Screen Link:
My Code:
combined_updated.copy()['institute_service_up'] = combined_updated['institute_service'].astype('str').str.extract(r"(\d+)")
combined_updated.copy()['institute_service_up'] = combined_updated['institute_service_up'].astype('float')
combined_updated.copy()['institute_service_up'].value_counts()
What I expected to happen:
I’m confused about how this code is able to extract the lower end of the range. Why is this the case?

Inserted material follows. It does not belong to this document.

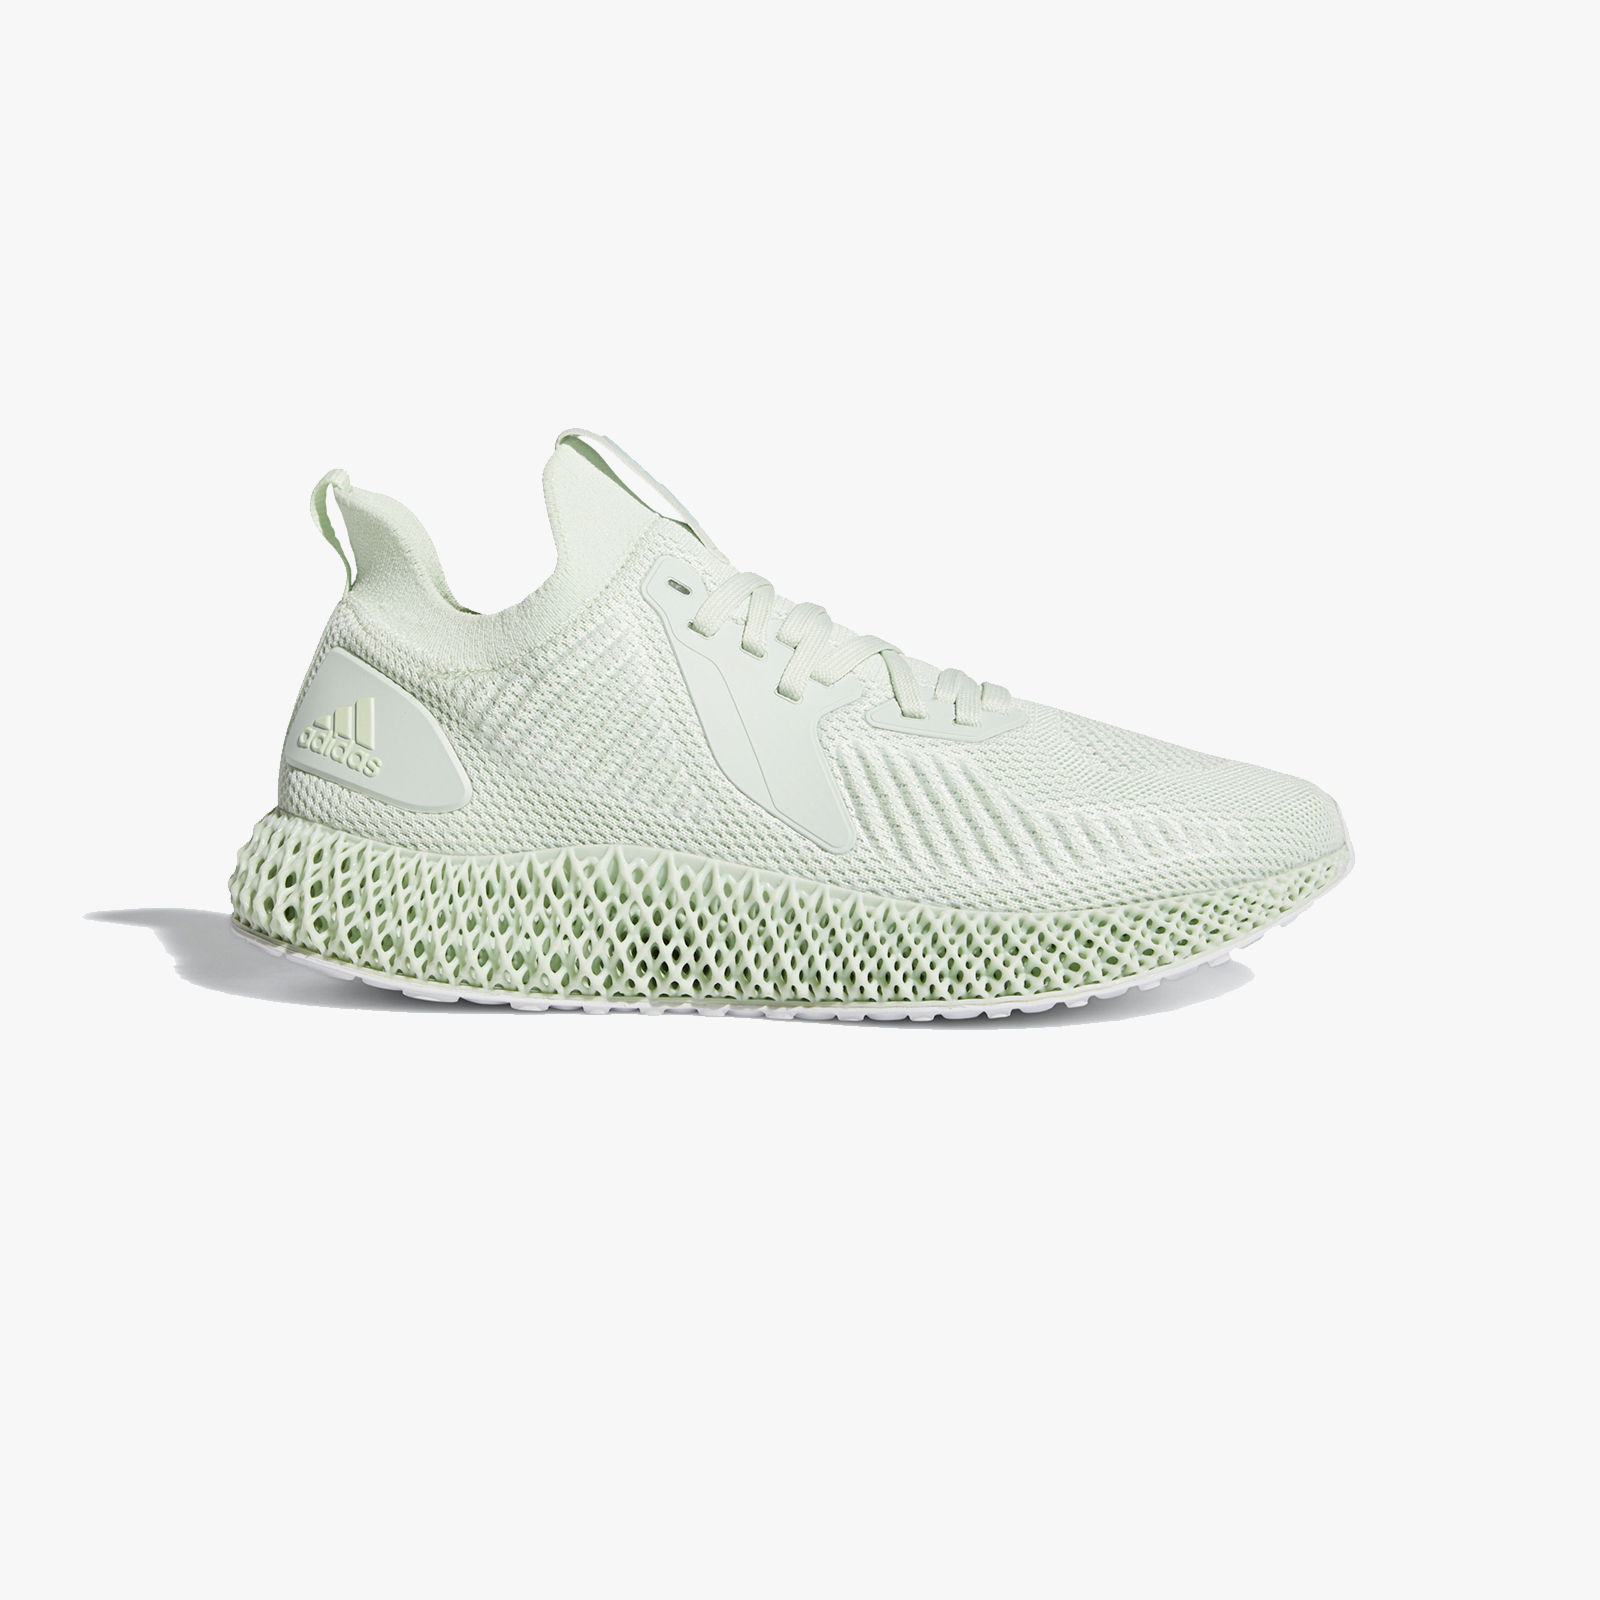 adidas Alphaedge 4D Parley Ee5199 Sneakersnstuff
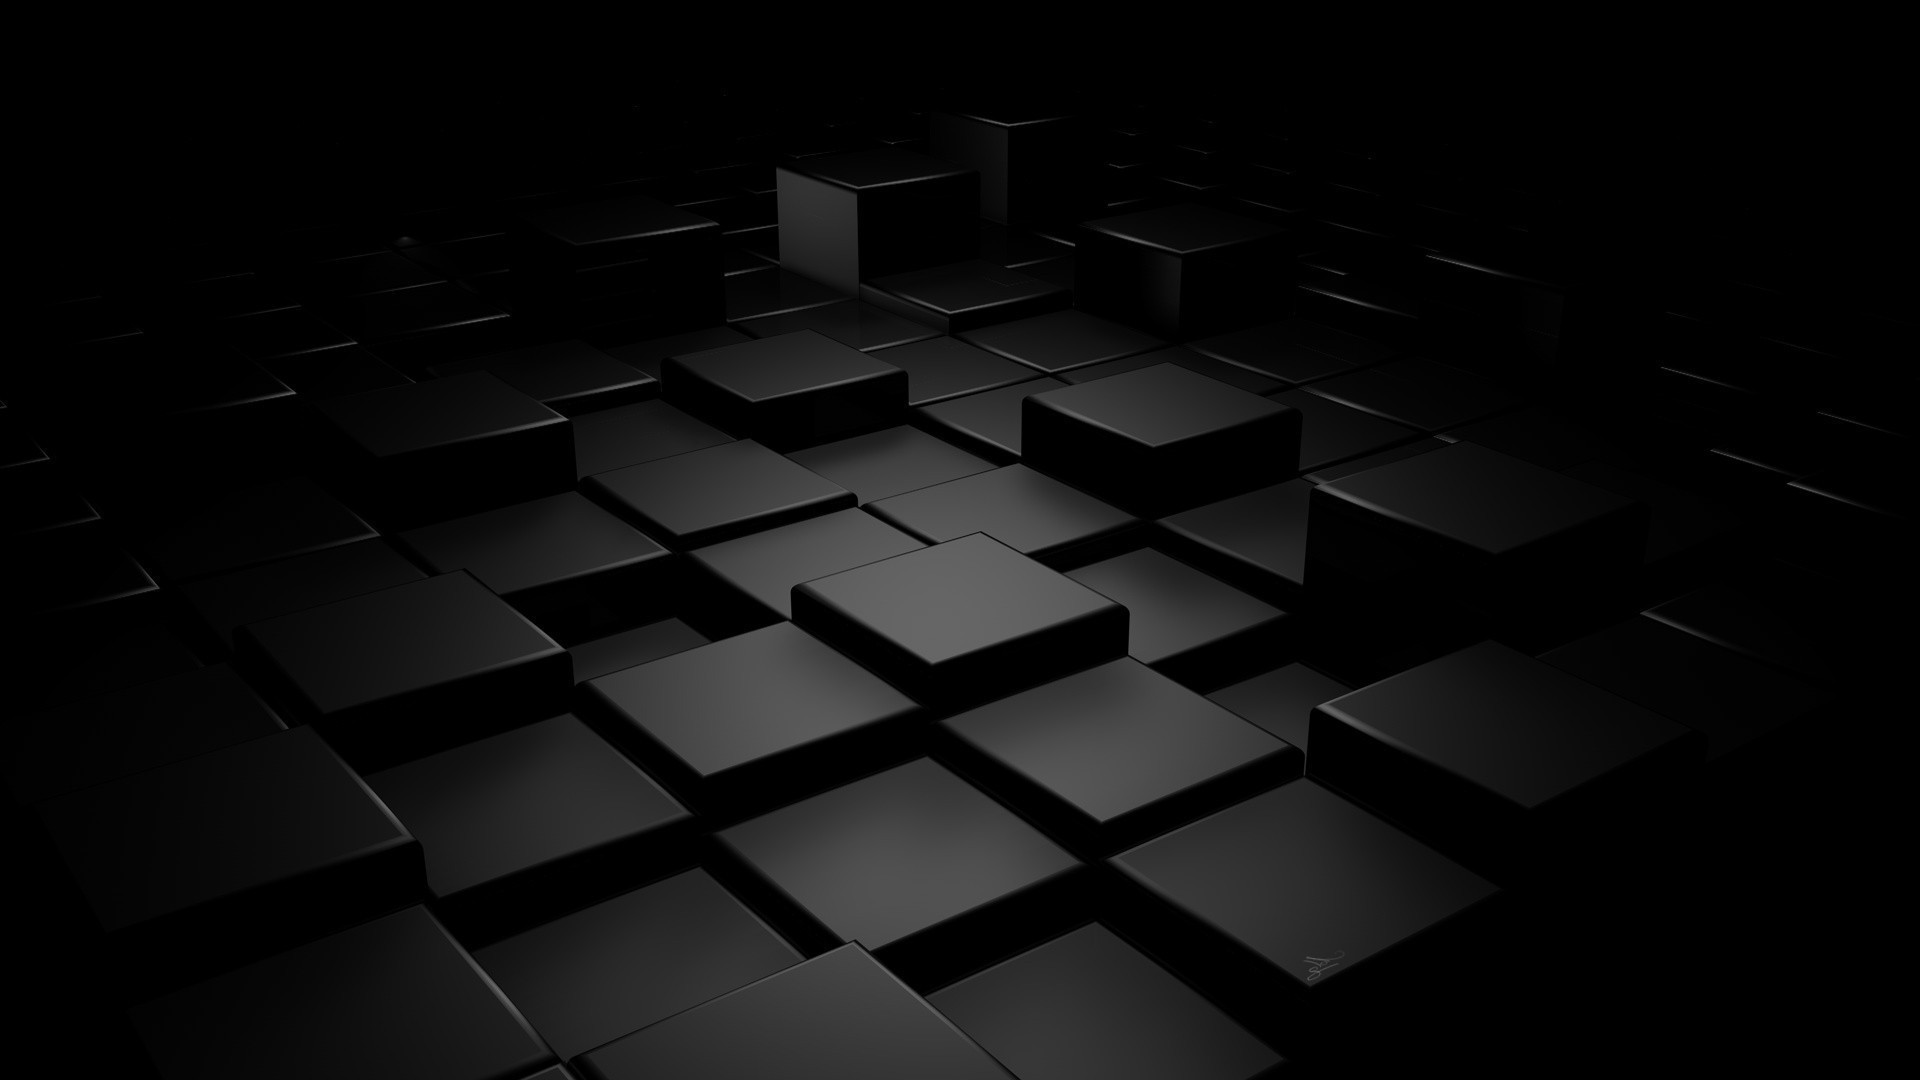 … black wallpaper 7 …

How was I supposed to figure out using extract(r’(\d+)’) was THE PROPER SYNTAX TO USE. I used this link: 6.2. re — Regular expression operations — Python 3.4.10 documentation but could only find information on finding digits using d. Is there an alternative within the framework of what I’ve learned in the modules to solving this issue? Had it not been for the key, I don’t think I would have been able to find this specific syntax with my own research. Any pointers on how to figure out this and make this deduction independently?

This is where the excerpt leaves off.